Die Straßen in Tirol sind ja immer ein bisschen Abenteuer. Aktuell sorgt die Baustelle auf der Reschenpass-Straße (B180) zwischen Pfunds und Nauders für ordentlich Wirbel. Hier wird eine Steinschlaggalerie gebaut – eine Maßnahme, die dringend notwendig ist, denn Felsstürze haben in der Vergangenheit schon für einige Schreckmomente gesorgt, vor allem bei extremen Wetterbedingungen. Aber so eine Baustelle hat natürlich ihre Tücken: Es gibt Verkehrsbehinderungen in Richtung Italien, und das ist nicht zu unterschätzen!

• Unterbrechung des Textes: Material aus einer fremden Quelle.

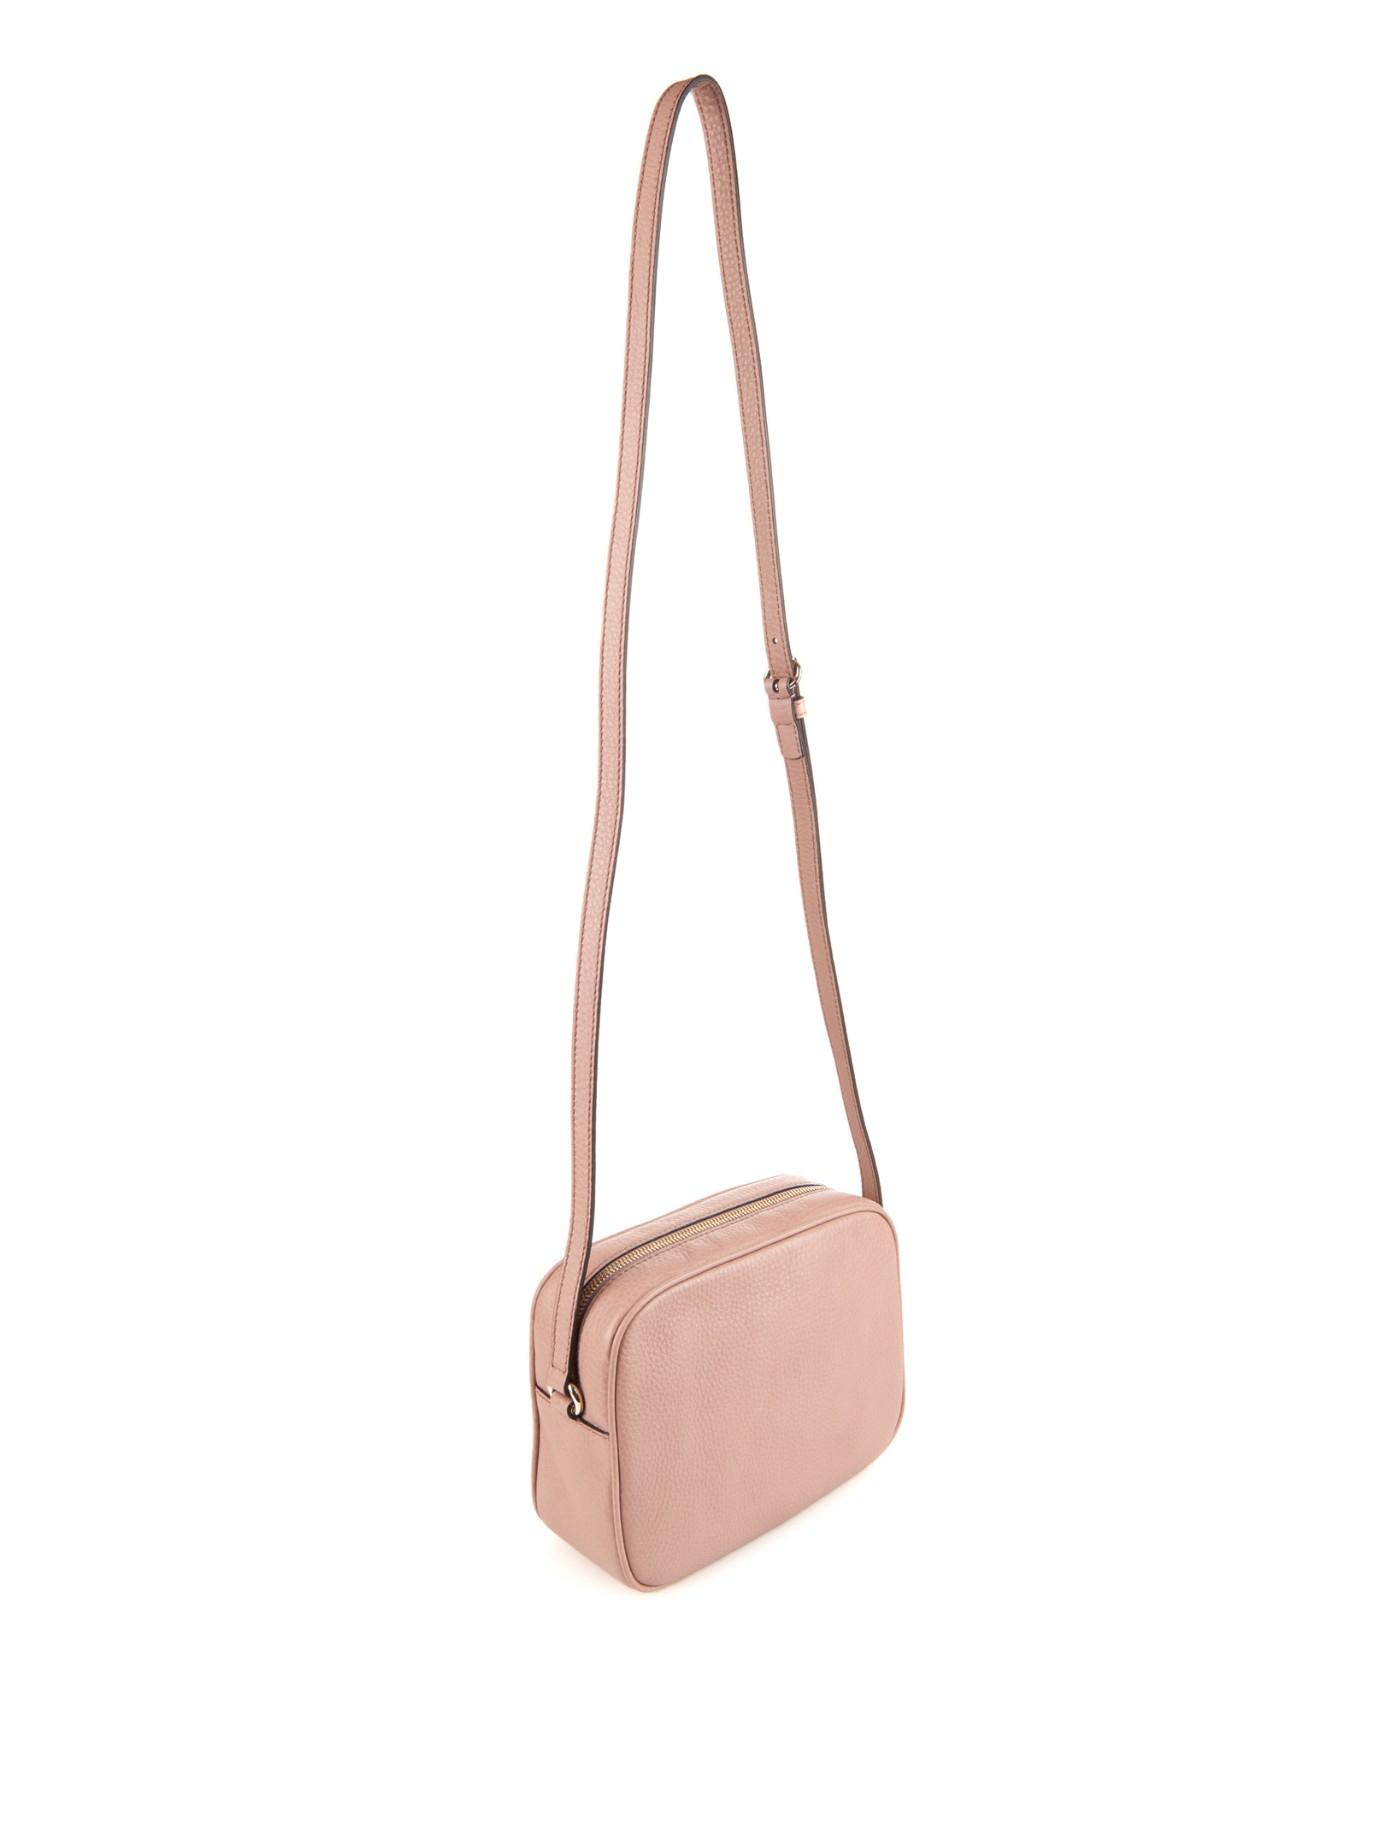 Soho Leather Cross Body Bag

Seit Monaten läuft der Verkehr nur einspurig, und eine Ampel sorgt dafür, dass die Fahrzeuge im Schritttempo durch die Baustelle kriechen. An stark frequentierten Reisetagen, wie etwa vom 30. bis 31. Mai, vom 4. bis 7. Juni und vom 27. bis 28. Juni 2026, wird die Straße zweispurig freigegeben – eine kleine Erleichterung für alle Reisenden, die sich auf den Weg in die italienischen Gefilde machen. Aber aufgepasst! Ab dem 31. August bis zum 30. Oktober 2026 wird die B180 dann komplett gesperrt. Montag bis Donnerstag von 7:30 Uhr bis 18:00 Uhr und freitags bis 14:00 Uhr, das heißt, die Geduld der Autofahrer wird auf eine harte Probe gestellt.

Umfahrungsoptionen und Einschränkungen

Für die, die nicht stundenlang im Stau stehen wollen, gibt es eine Umfahrungsmöglichkeit über die Schweiz ab der Kajetansbrücke. Die alternative Route über die Engadiner Straße (B184) und die Martinsbrucker Straße (B185) bringt dich zwar auf einen zusätzlichen Umweg von etwa 6,6 km – was 15 bis 20 Minuten mehr bedeutet – aber das ist immer noch besser, als den Frust der Staus in Kauf zu nehmen! Für Lkw, Anhänger über 6,5 m und Busse über 13 m ist die Umfahrung allerdings tabu. Wohnmobile dürfen die Umfahrungsroute nutzen, Wohnwagen-Gespanne müssen jedoch aufpassen: Nur bis 6,5 m ist erlaubt.

Ein weiterer Punkt, den man beachten sollte, ist die Schwerlastabgabe für Fahrzeuge über 3,5 Tonnen in der Schweiz. Das kann für den einen oder anderen ganz schön ins Geld gehen. Die Bauarbeiten an der Steinschlaggalerie sollen bis Ende 2026 abgeschlossen sein, und die Restarbeiten ziehen sich bis Ende Mai 2027 hin. Da kann man nur hoffen, dass die Geduld der Reisenden nicht überstrapaziert wird.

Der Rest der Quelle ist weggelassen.